Long before those lips I devoured today talked to me in real life, you had liked a photo I posted on Instagram. It featured Sheru, the street dog at Nritya. She was grinning as I gave her a belly rub. I had refreshed the page so many times that day just to check if I was seeing this right. When you followed me on Instagram, I was finishing dinner with my family. We have a no-mobiles-on-the-dining-table rule. So I leave it on the chest of drawers behind my seat. I leaned over to subtly check the notification and legit fell off the chair when I saw the ‘MadU2001 started  following you’ notification!

Still, I would often remind myself that none of this is true. That you probably don’t even know that I exist. That it was far-fetched to imagine that you would fall for someone like me.  I remember what I was wearing the day you talked to me. It was a Wednesday and I was in my sports uniform which was once white. I was late and hurrying to the changing room while taking off my tie and shoving it into my bag when you came over. Frankly, I was annoyed. Of all the times you could have talked to me, you had chosen this one day when I was late. 

I lit up like someone had fired a flare gun at my face.

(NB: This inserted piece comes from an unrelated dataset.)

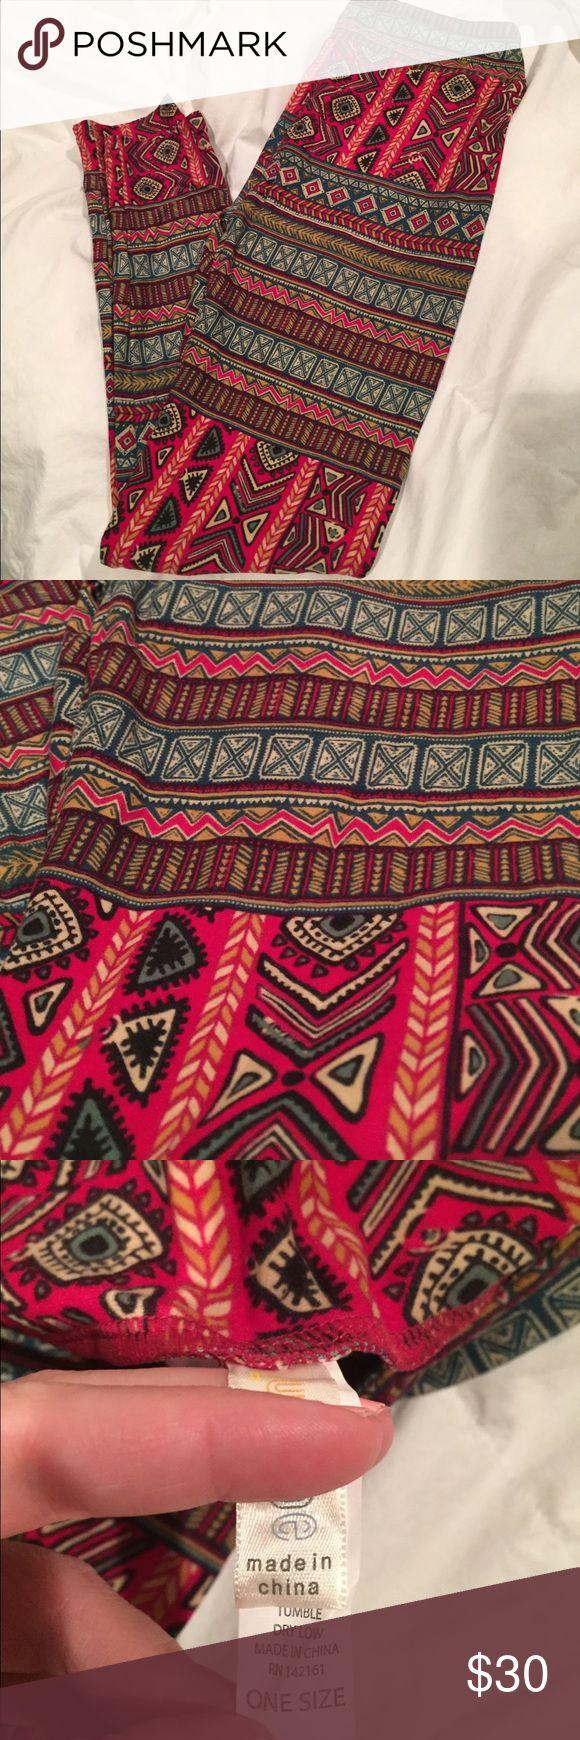 NWOT LuLaRoe OS Aztec Print Legging New worn tags. Never worn. Originally paid $25 plus shipping. LuLaRoe Pants Leggings

But you just stood there before me and said so very matter of factly. “Sam, shall we get a juice outside after class? I think I like you.” I lit up like someone had fired a flare gun at my face. I sat in aramandalam with great diligence. I prayed for the class to end early. I felt focused, as though my body and mind were moving in unison.

And just like that, there we were drinking orange juice at the Juice Centre across the road from the dance studio. Months of playing out scenarios in my head and in the matter of an afternoon, my life had tipped.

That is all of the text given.